Egolf and other Democrats say they have already shown a willingness to compromise, by including several other provisions backed by Republicans in both their revenue and budget bills.
“We are moving quickly today, but all the things analyzed and considered were vetted in the 60-day session,” Egolf told reporters Wednesday.
Those items included more money for financial aid programs, $400,000 for a tax study and the creation of a “rainy-day” fund that would set aside money for budget-lean years when oil and natural gas prices are low.
If the fund had been in place since the 2006 budget year, it would have meant $627 million set aside in a separate fund over that period, according to a Department of Finance and Administration analysis.

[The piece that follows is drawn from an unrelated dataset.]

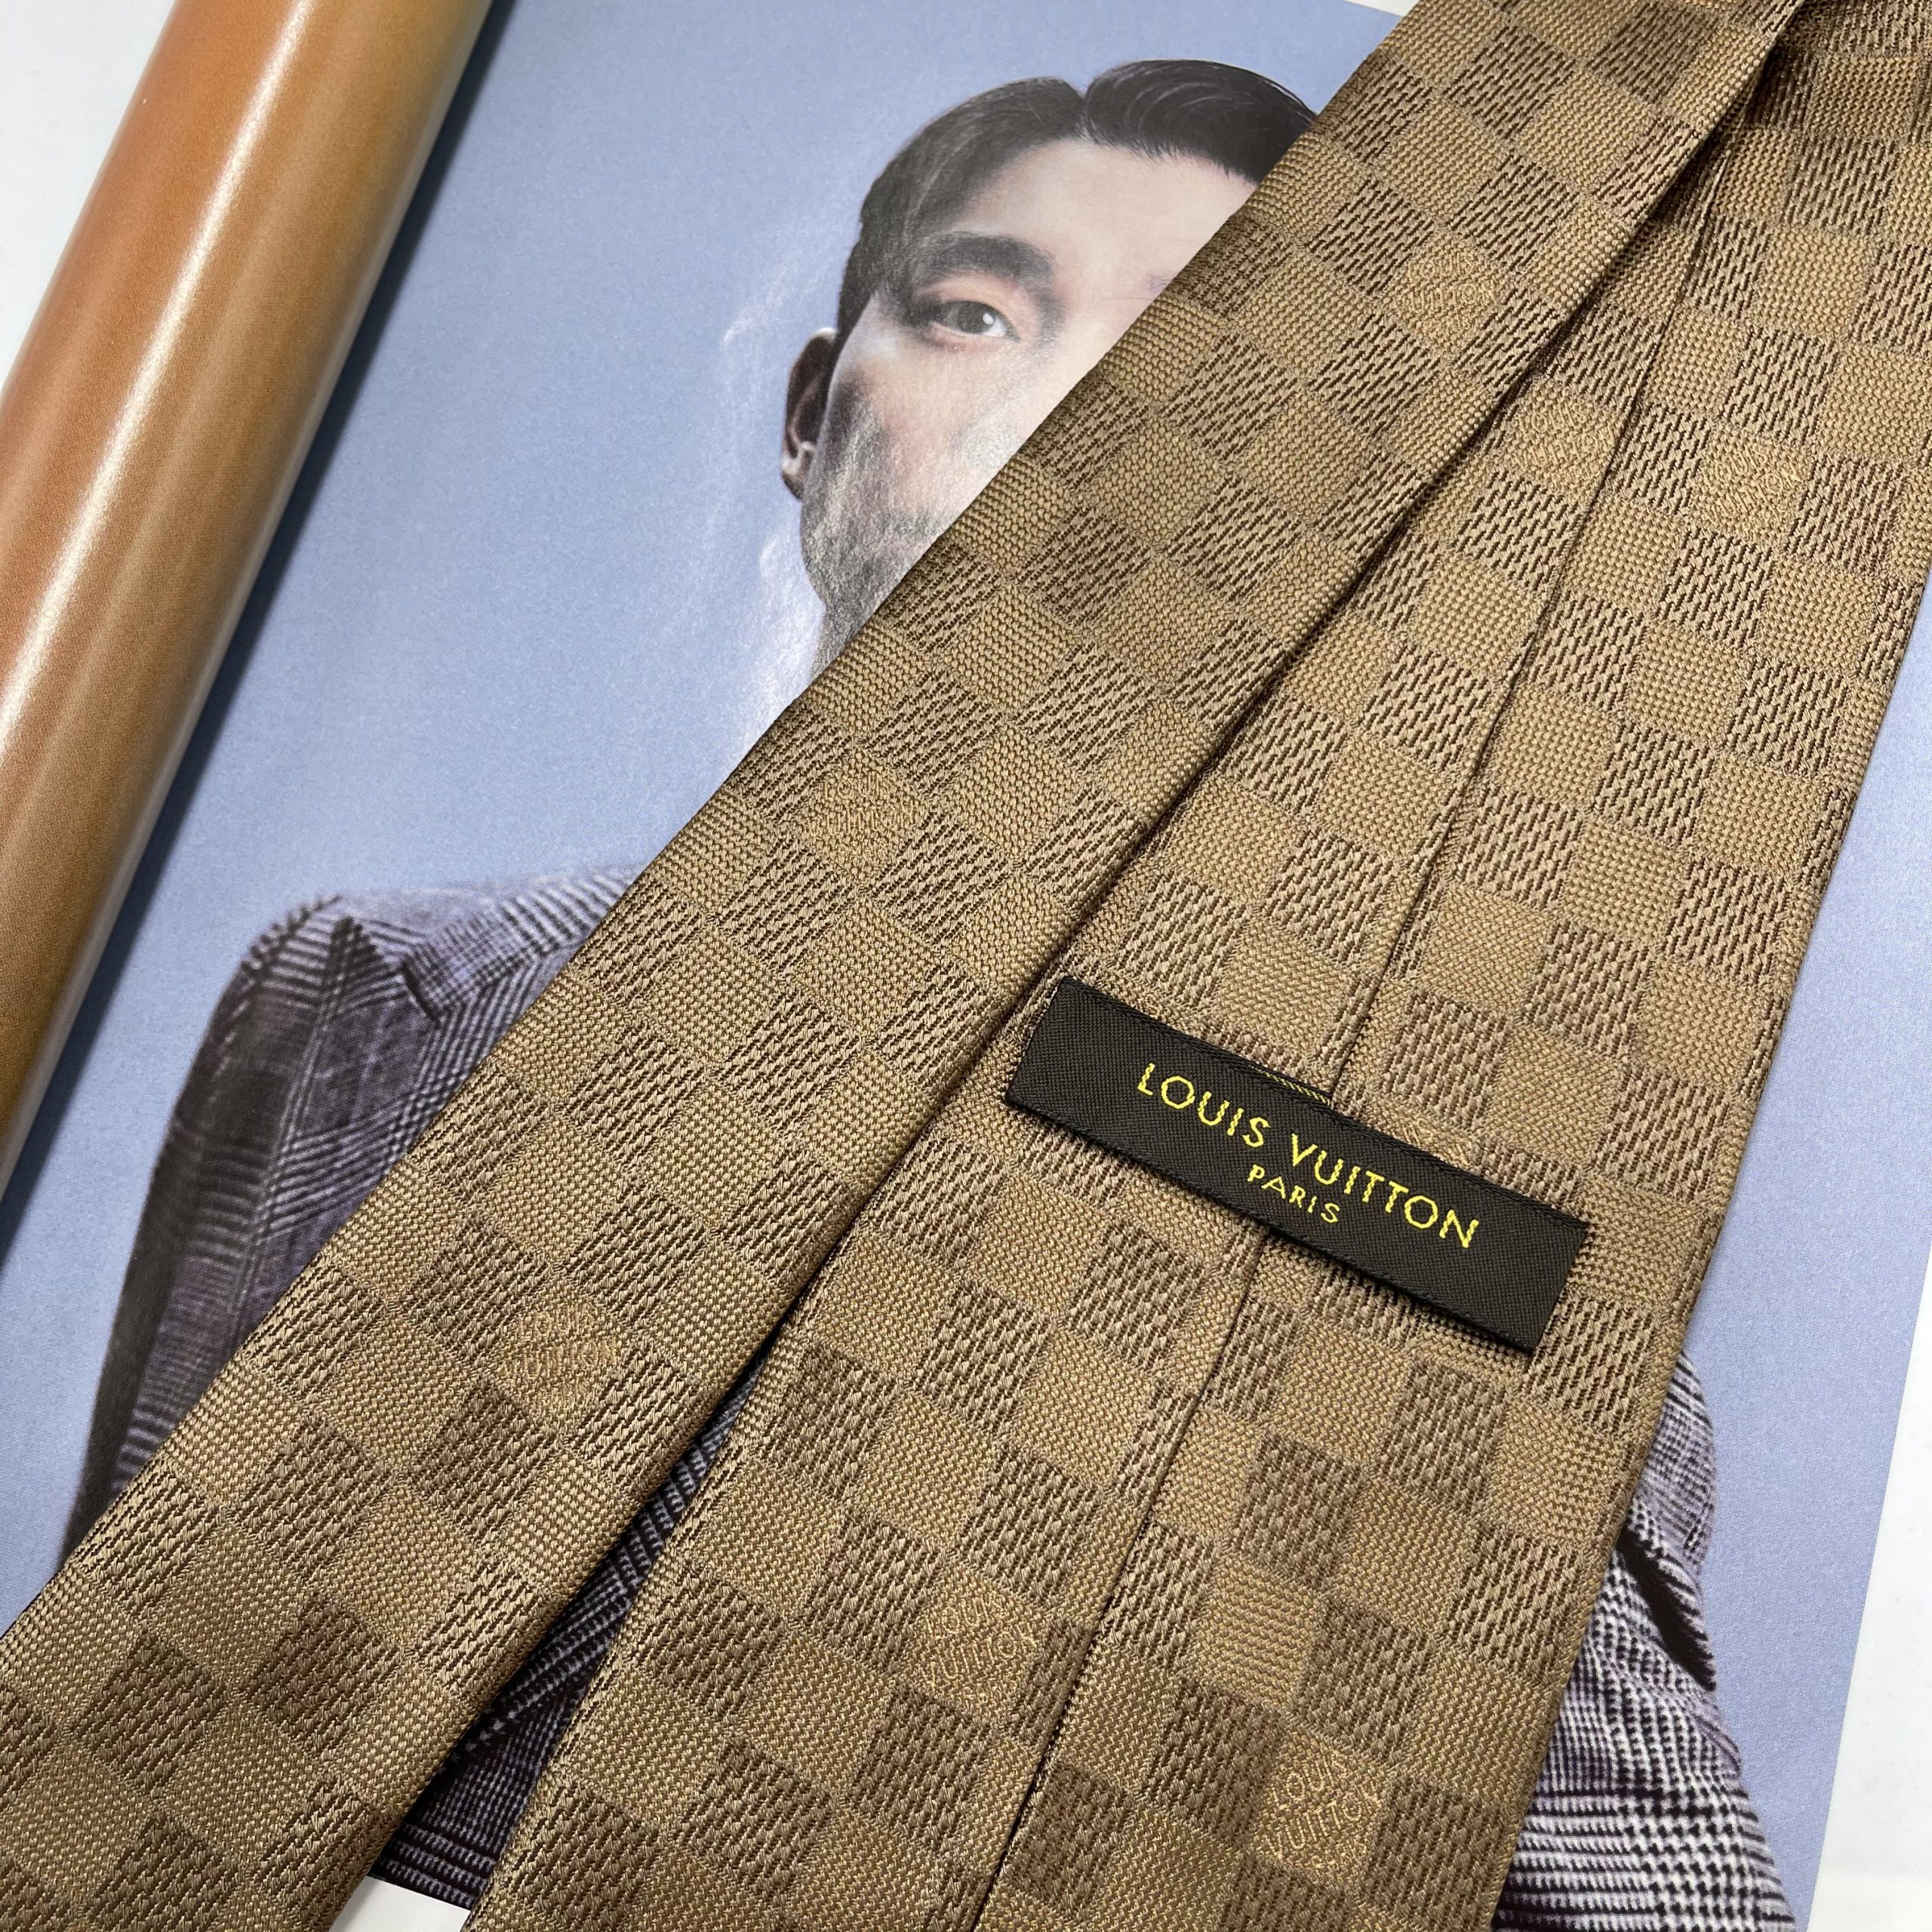 Lv Louis Vuitton Monogram Tie Navy Tie

And the tax study could pave the way for lawmakers to come back in September or October for another special session to take action.
The special session’s first day brought scores of protesters, lobbyists and Roundhouse insiders to the Capitol.
At one point Wednesday, university presidents and student leaders testified before a House budget committee about the impact of Martinez’s decision to line-item veto all proposed funding — roughly $744 million — for higher education institutions.
New Mexico State University President Garrey Carruthers, a Republican former governor, said that if the $190 million in vetoed funding for NMSU isn’t restored by July it would “essentially bankrupt” the university.
“We would not be able to operate programs,” Carruthers told members of the House Appropriations and Finance Committee.
Just five weeks remain until the start of the new budget year. Some lawmakers were quite blunt.
“We seem to be caught in this game of budgetary chicken, and you happen to be the pawns in the game,” Rep. Christine Trujillo, D-Albuquerque, told the university presidents.